It is pretty fiddly, but worth it. He had an awesome response (bloods normal for the first time in 2 1/2 years). Unfortunately, the Infectious Disease Committee for our state does not want to approve further meds due to the risk of developing Vanco resistant superbugs (from a public health perspective). This is why Vanco isn’t generally prescribed in Aus and NZ. Good luck with finding someone to prescribe it. Can you please let me know if you do.

Very helpful, thanks. Dr verbally approved Vanco so will let you know how it progresses. Also doing lots of baselines - fibroscan, bloods, MRCP (there’s a 6 month waiting list for MRI here!). Withdrawing from urso 2 weeks ago has given me a good case for vanco. Westcoaster - interesting to hear about the IV solution. Think that’s all they have in NZ.

Hi Westcoaster, I’ve just started vanco @1000 mg a day (Doctor wasn’t keen on the higher dose). My pharmacy did the hard work turning the IV solution into oral vanco - it took them 2 hours yesterday to prepare enough for 2 weeks. Vanco is a seriously strong drug - I felt nauseous and dizzy today for a good hour after taking it and feel completely wiped out. Although, I did over-exert myself with 2 hours biking and an hour of walking. My liver enzymes keep creeping up since withdrawing from urso:

4 June results
ALT 290 (normal 5-30)
AST 131 (normal 10-30)
ALP 291 (normal 20-90)
GGT 615 (normal 10-35)

Fibroscan 8.9. MRI scheduled for next Friday. I’ll send an update after a month.

CutisPharma Firvanq is only available domestically. But brand is definitely important. Let us know what you find available.
Urso will help lower LFTs but it has not shown to slow progression.

Keep in mind that you may have to dose escalate. My daughter went to 750x3 and is now at 1000x2.

Every doctor is different, our doc asked us not to discontinue urso when starting vanco and advised to continue using both of them until the body has enough time to respond to vanco. This could be a month or two depending on how the test results respond with vanco.

Thank you for your replies! This is such a fantastic support group :-).

In NZ the government only has IV vancomycin Mylan brand, I don’t think we have any tablets but I’ll check in with the pharmacy as the treatment progresses.
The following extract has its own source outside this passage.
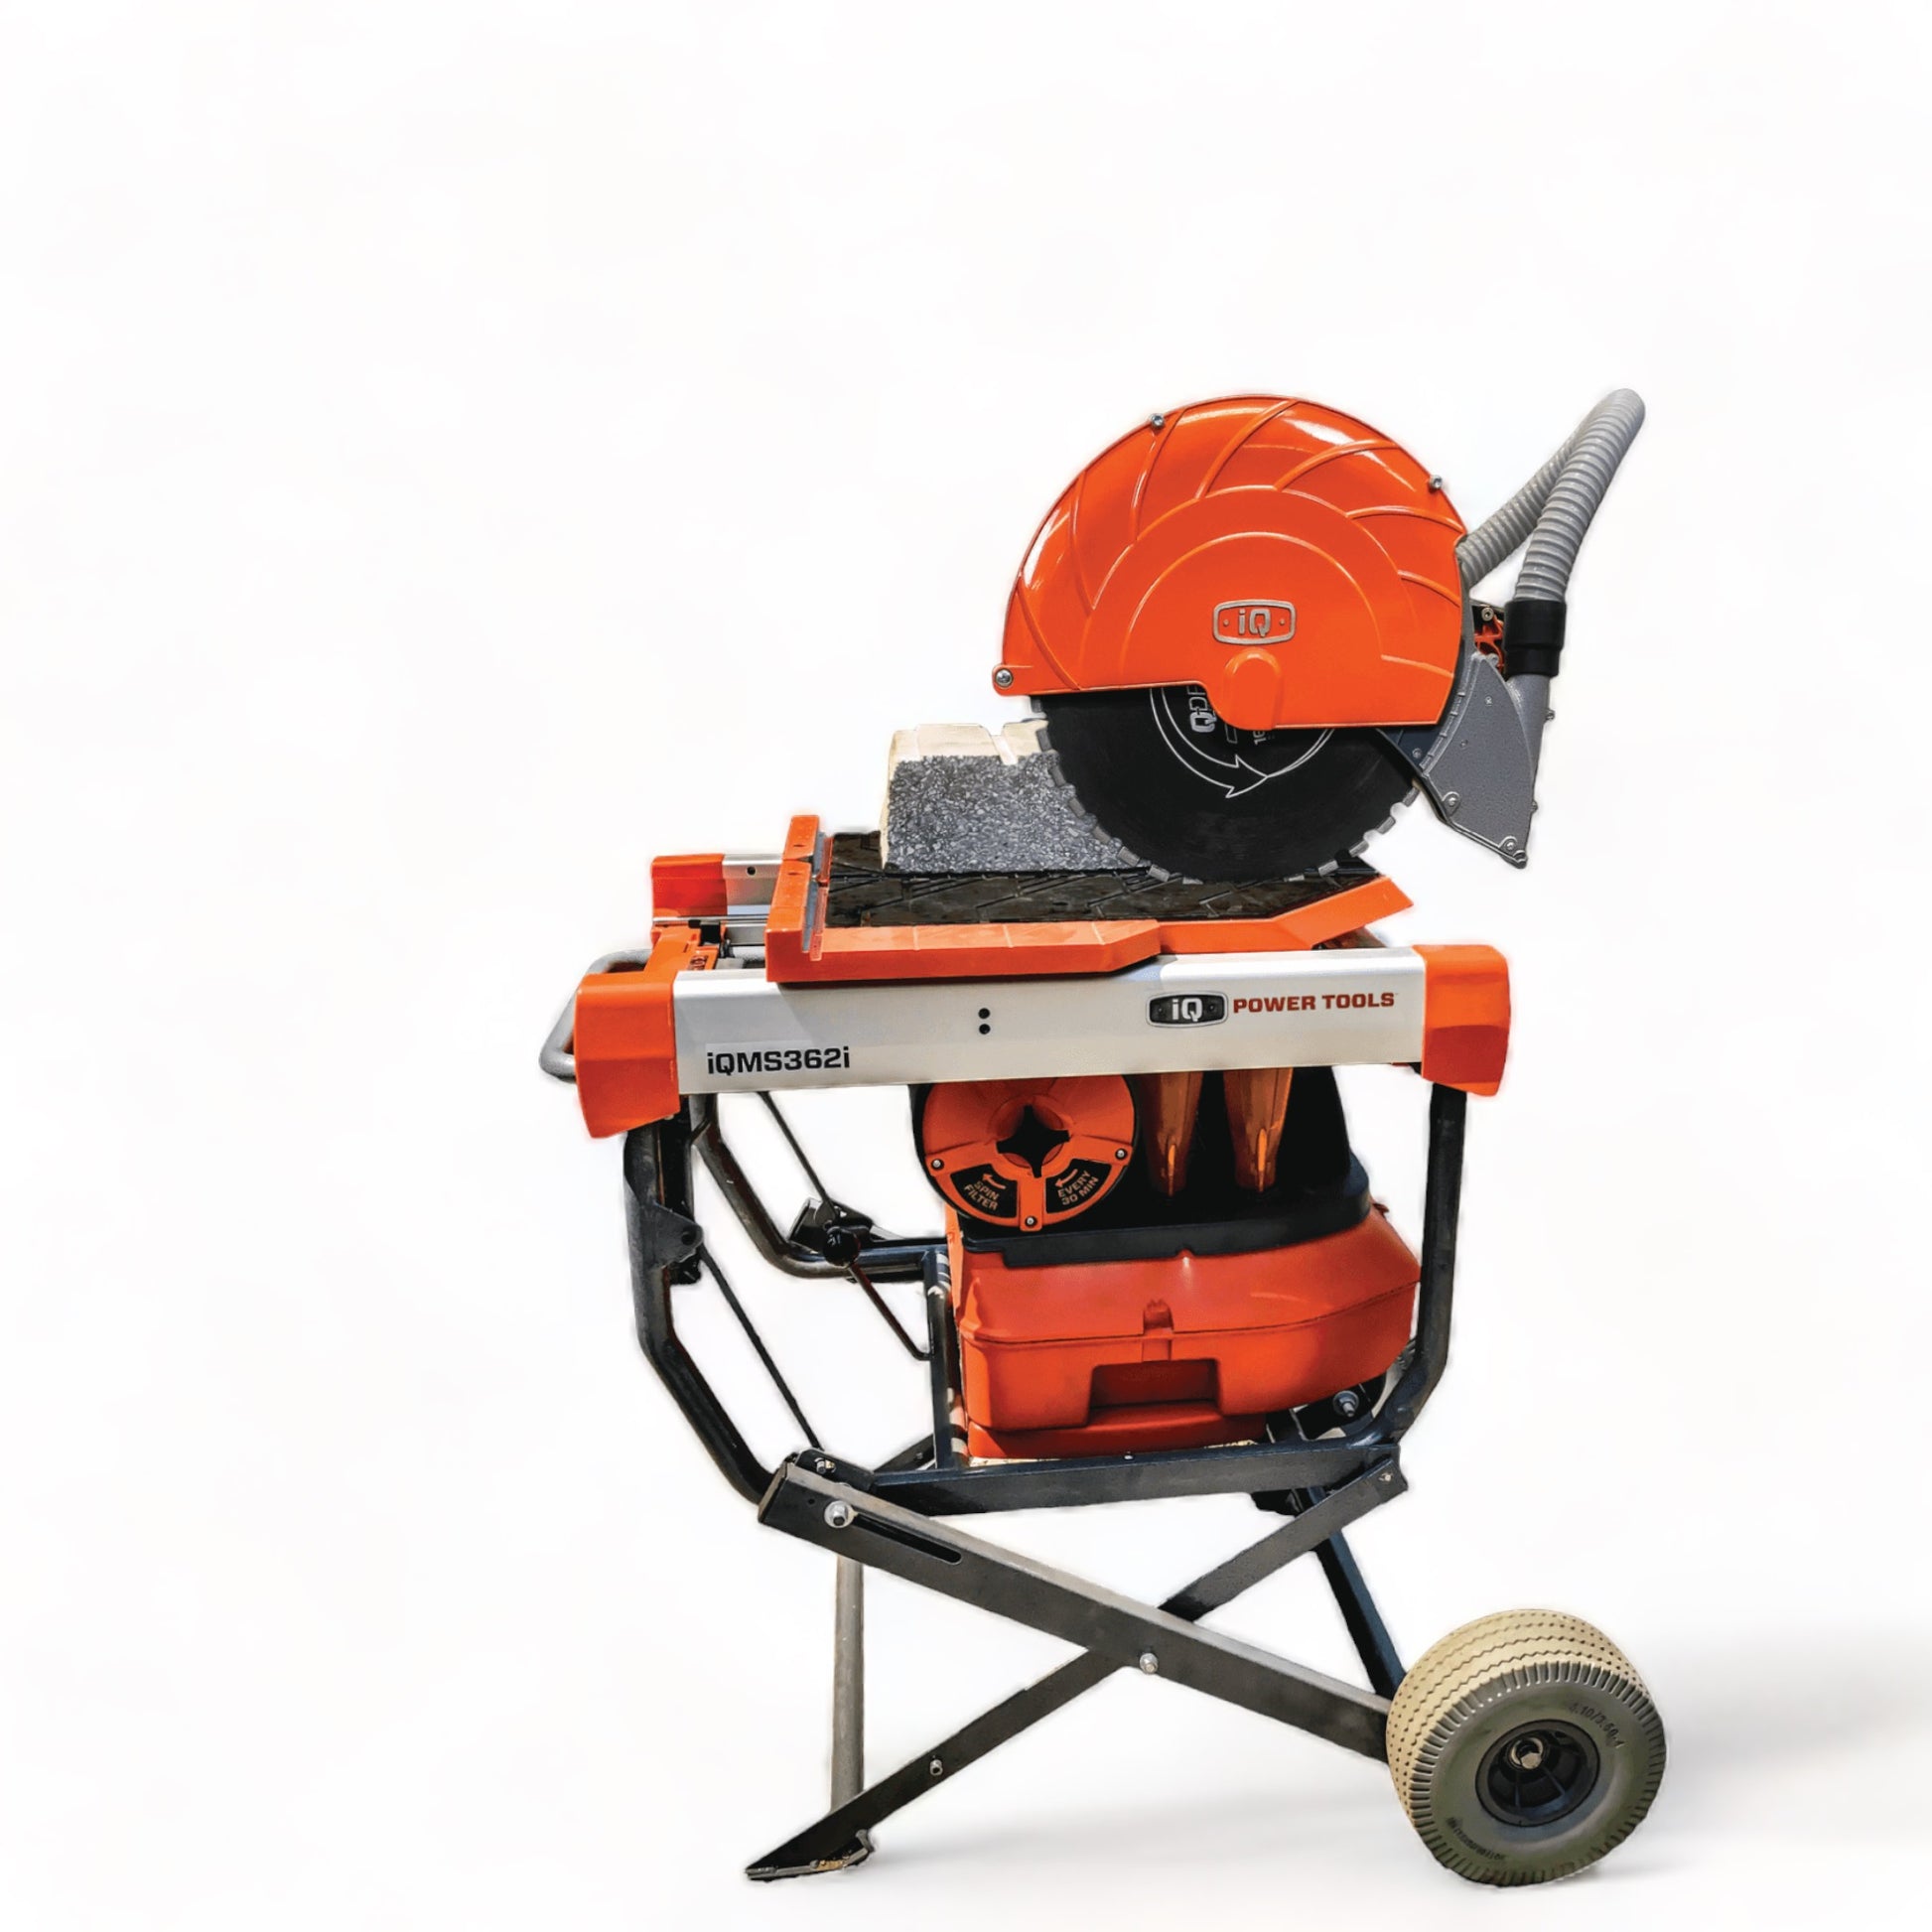 iQMS362 Masonry Saw With Integrated Dust Control System

Thanks for the reminder that I might need to increase the dose. So far the 1000mg has been unpleasant but that might be a combination of other things, such as stopping urso and having significantly raised enzymes. My vision is blurry, I can’t concentrate and have felt quite nauseous - but I don’t feel out of breath or unfit. It’s only my second day so hopefully the body will adjust over the coming month.
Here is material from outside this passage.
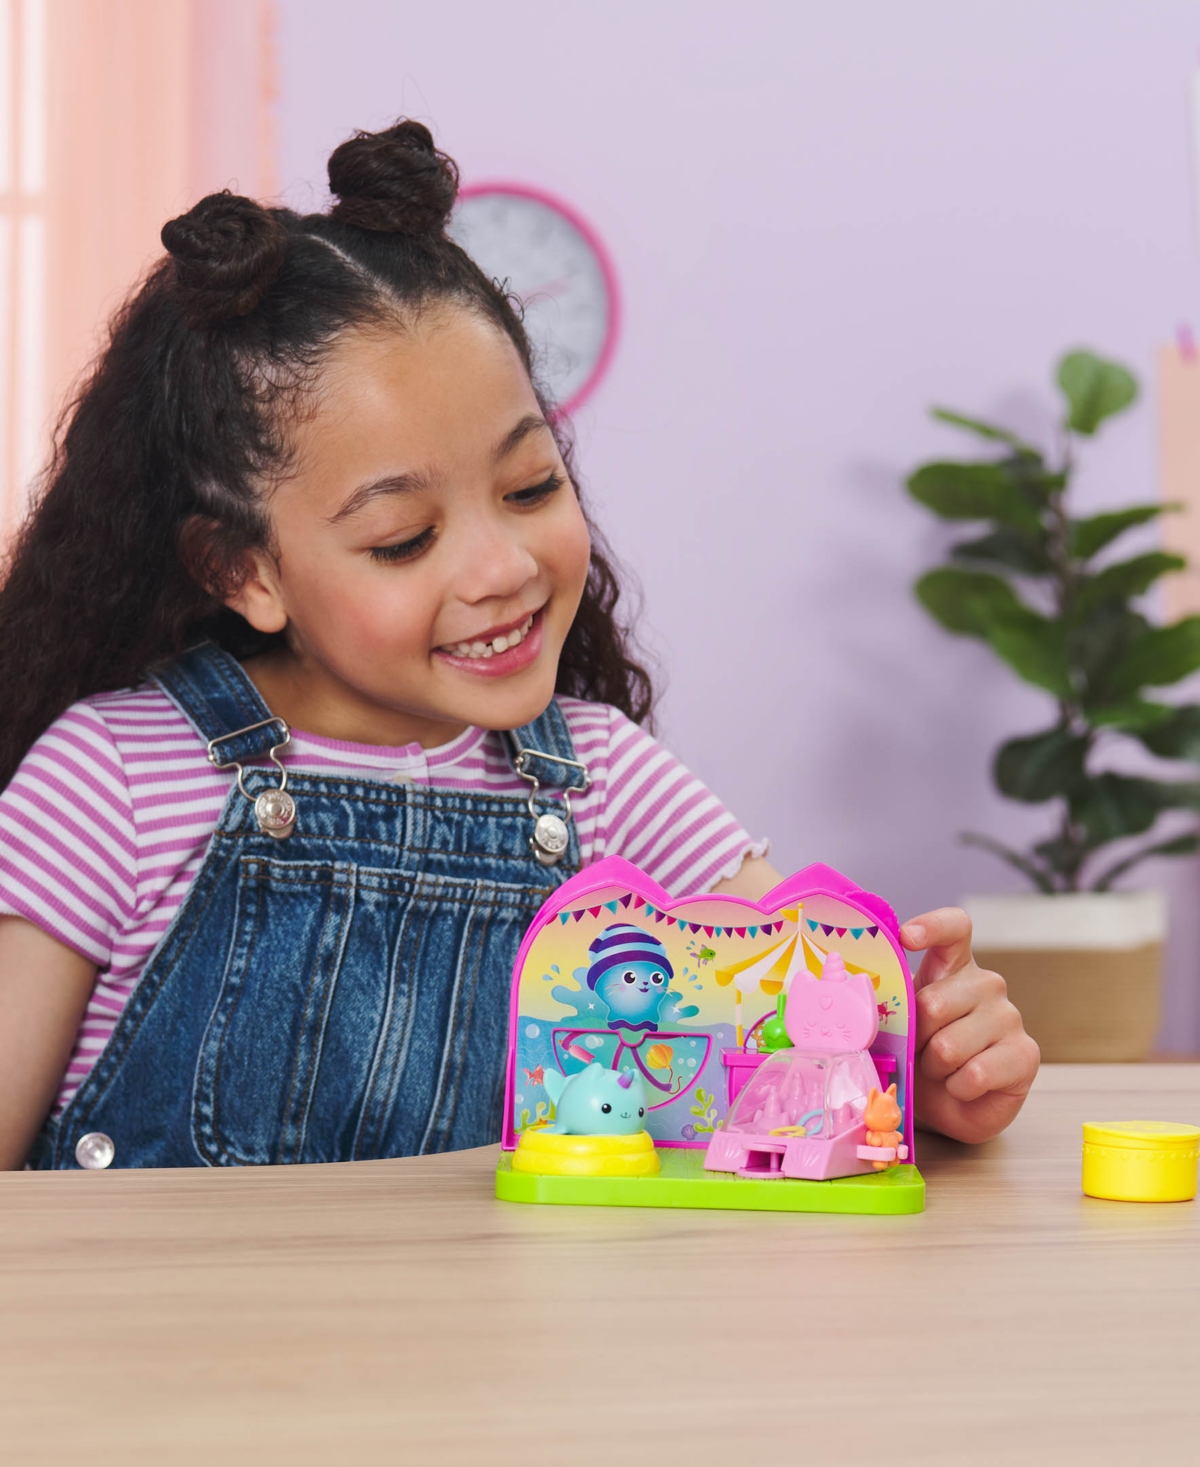 Shop Gabby's Dollhouse Dreamworks Kitty Narwhal's Carnival Room, With Toy Figure, Surprise Toys And Dollhouse Furniture In Multi-color

I’m aware that urso doesn’t stop progression of the disease and now have evidence as my LFTs continue to climb without it. The only positive to urso is that I felt completely fit and healthy and would go on it again as a last resort for quality of life.
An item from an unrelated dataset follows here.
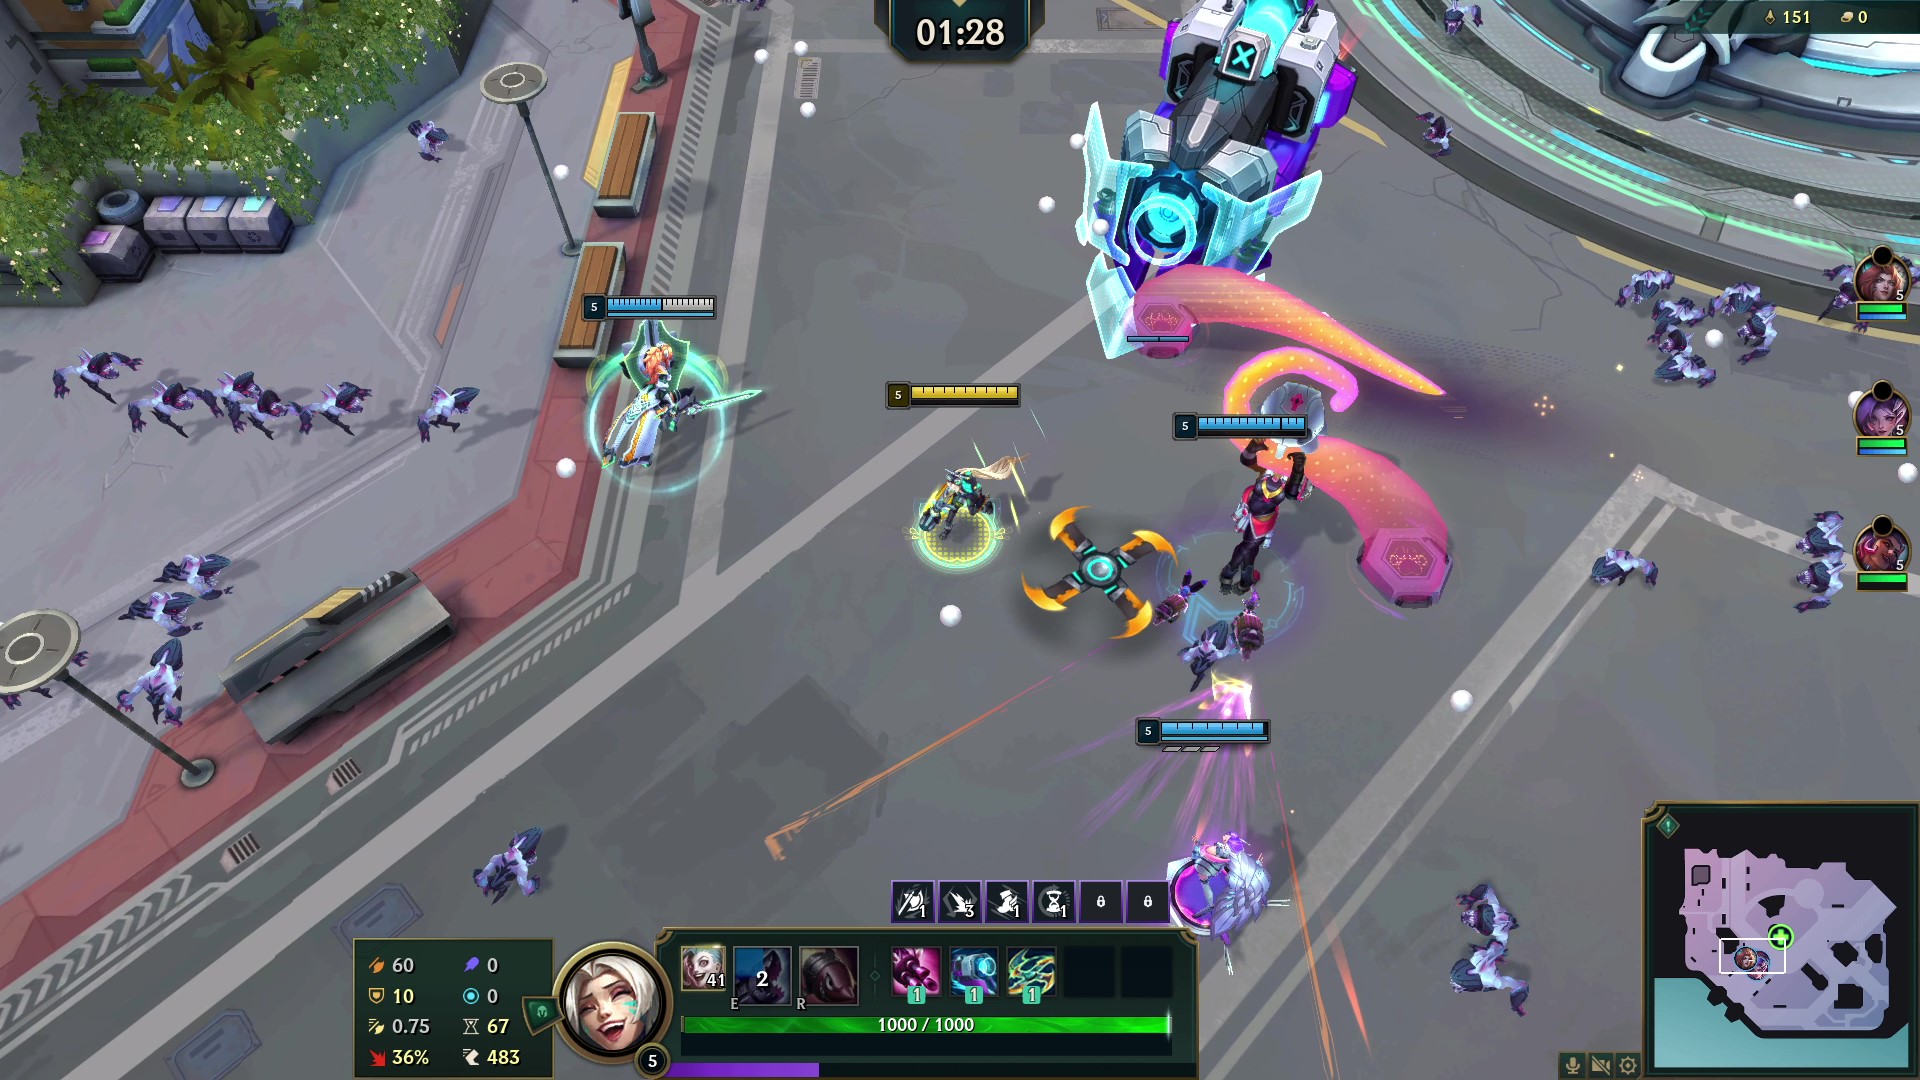 Gameplay from League of Legends' Swarm mode, showing a team of players battling foes in an urban map.

How did you know vanco was working if you stayed on urso? Urso normalises my blood tests very quickly so it would be difficult to see the impact of vanco.

IV formula is fine and less expensive; in fact better than an off brand tablet that may have pH issues. Try to use a straw to drink and just have good dental hygiene. I have heard that it can discolor the teeth because it changes the microflora in the mouth. A dental hygienist can restore the color to your teeth with cleaning.



Hi, Sorry to bother you. My IV vanco solution is supposed to be kept in the fridge. Do you have any suggestions as to how to transport it and keep it cool? I’m on 10ml x 4 per day and would like to make it as mobile as possible. Many thanks. Emma

Compounded vanco maintains ~90% of its initial concentration after 26 days at room temperature and ~94% of its initial concentration after 75 days in the fridge (see While it is a good idea to keep your main supply in the fridge, you probably don’t need to stress about keeping your day’s dose cool.

Back when I was doing this I kept one bottle at home and another at work, both in the fridge. When away from both locations I would carry individual doses in capped medicine droppers or capped oral syringes in plastic bags. I had to be careful about where I put them so they didn’t pressed/plungered.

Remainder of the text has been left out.